Large Scale DSO Job Monitoring
Large scale DSO avoids detailed intra-variation monitoring is avoided as it increases network traffic for large-scale jobs. Large scale DSO jobs are monitored as below:
- Cluster Monitoring Tools: The resource usage (CPU, Memory, Network) of large scale DSO jobs is monitored using standard cluster monitoring tools. Such job-neutral resource monitoring is ideal as it uses negligible network bandwidth, CPU/Memory.
- Detailed Monitoring of Analysis of a Variation: For any detailed monitoring you must examine the information provided in the job's log files. Specifically, the large-scale DSO job writes detailed logs conveying information regarding the machines where engines are running and the local storage location of per-engine distributed database. With such information, you can login to individual machines for deeper probing of each distributed engine.
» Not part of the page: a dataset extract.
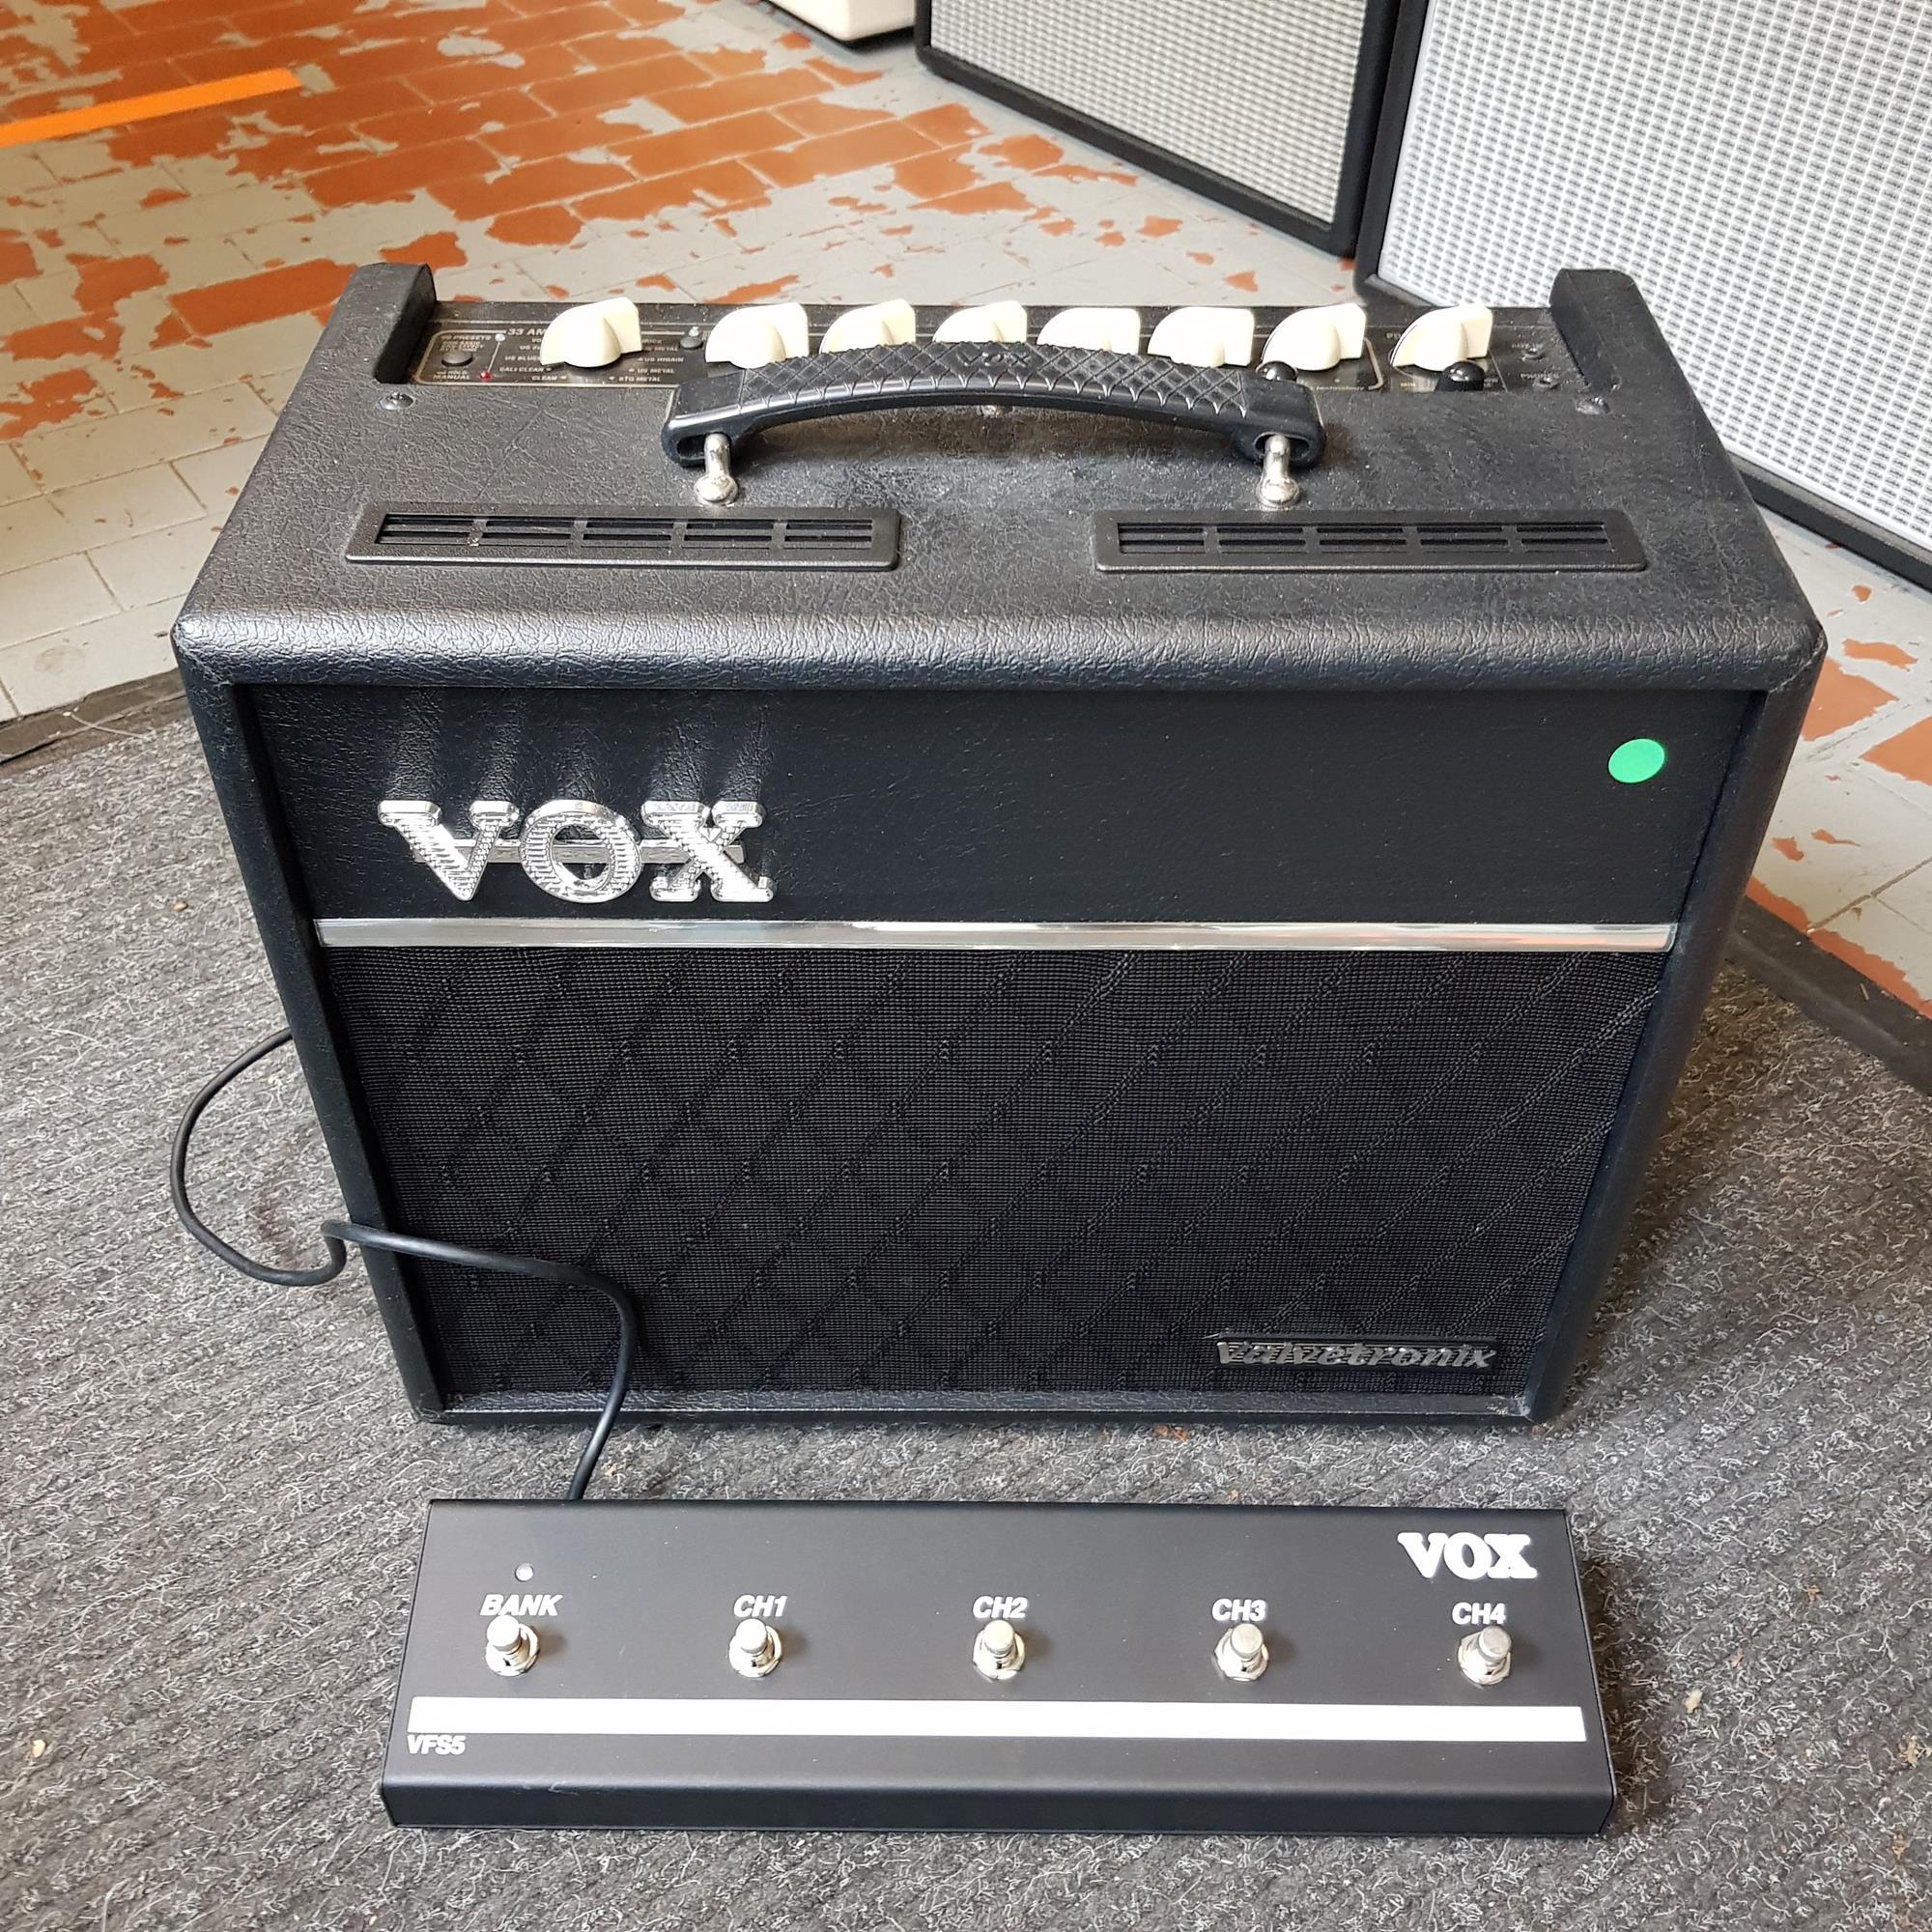 VOX-VT20-VFS-5-FOOTSWITCH-sku-1603549396421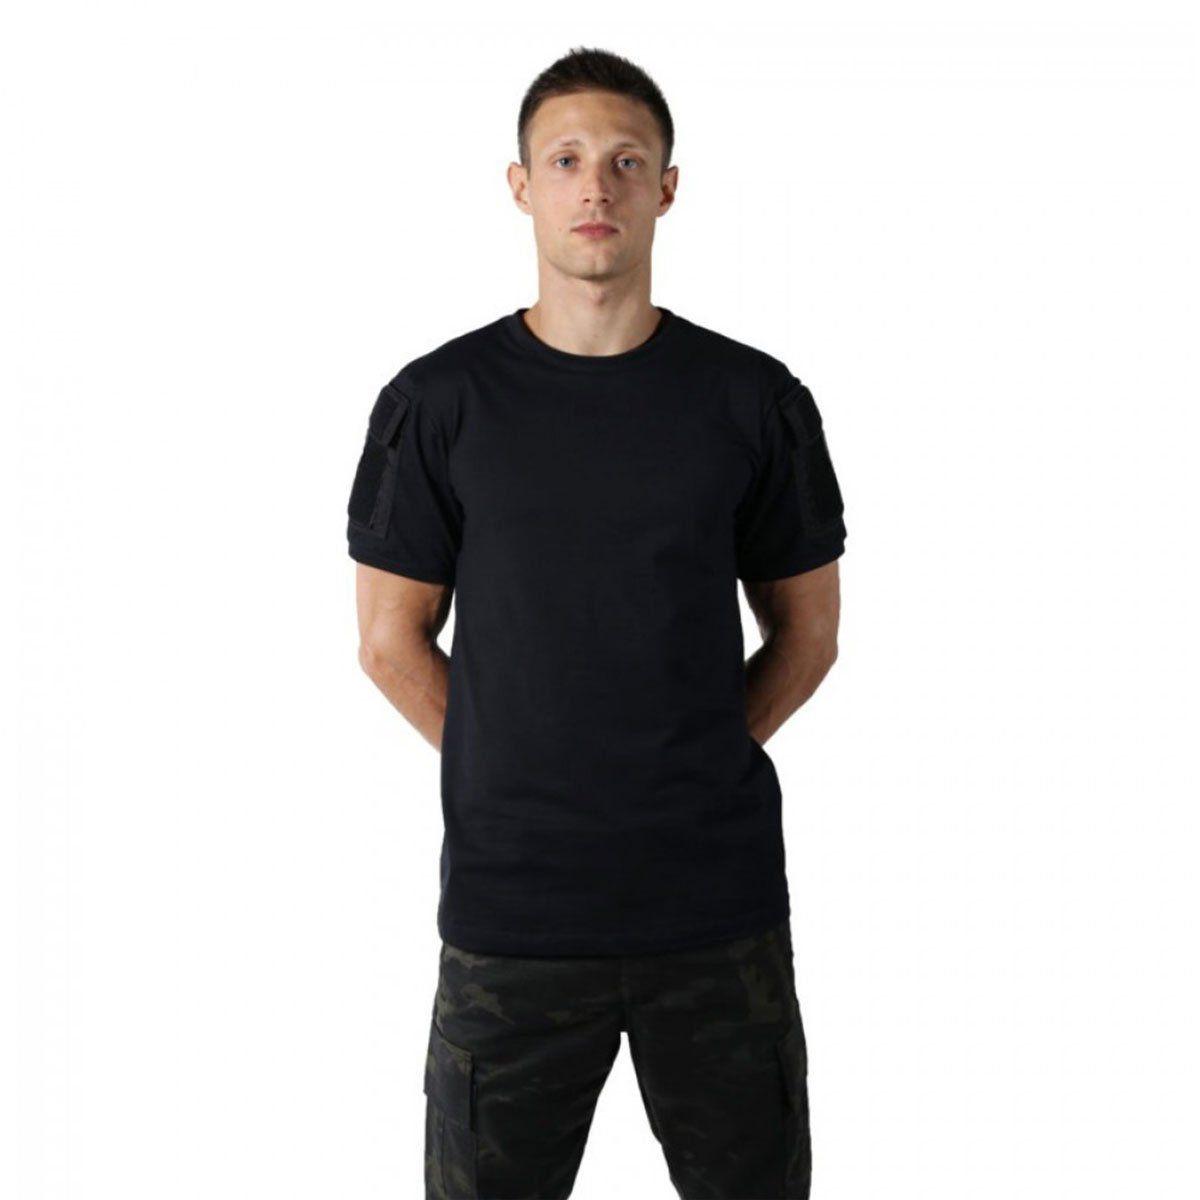 Camiseta Masculina Belica Ranger 4-Preto

The following logs are available:
- Per-node Logs:
There is one 'desktopjob.log' file per node assigned to the job. This log contains information regarding the node such as name, local storage folder, number of engines started on this node, etc. It is located in <workdir>/<jobid>/r<nodeIndex>. E.g. <workdir>/<jobid>/r0 has desktopjob.log corresponding to the engines running on the first node of job, while <workdir>/<jobid>/r2 has logs corresponding to engines running on third node
- Per-engine Logs:
There is one desktopjob.log file per distributed engine. It is located in <workdir>/<jobid>/r<nodeIndex>/r<taskIndex>. For example, <workdir>/<jobid>/r0/r0 has logs corresponding to first engine running on first node, while <workdir>/<jobid>/r1/r2 has logs corresponding to third engine running on second node. Engine unique information (such as local storage of this engine) is logged here
- Parametric Analysis Log:
This log file is located in <workdir>/<jobid>/r<nodeIndex>/r<taskIndex> folder and corresponds to Desktop's local-machine parametric 'batchsolve'. It is available only at the end of analysis and contains information regarding the variations solved by this engine and any info/warning/error messages.
- Root Log:
This is the top-level log that logs job distribution information such as hierarchical activation and the list of nodes assigned to this job
For a complete discussion of methods for aborting jobs or specific tasks, see the discussion of Aborting a Large Scale DSO Simulation under Large Scale DSO for Parametric Analysis.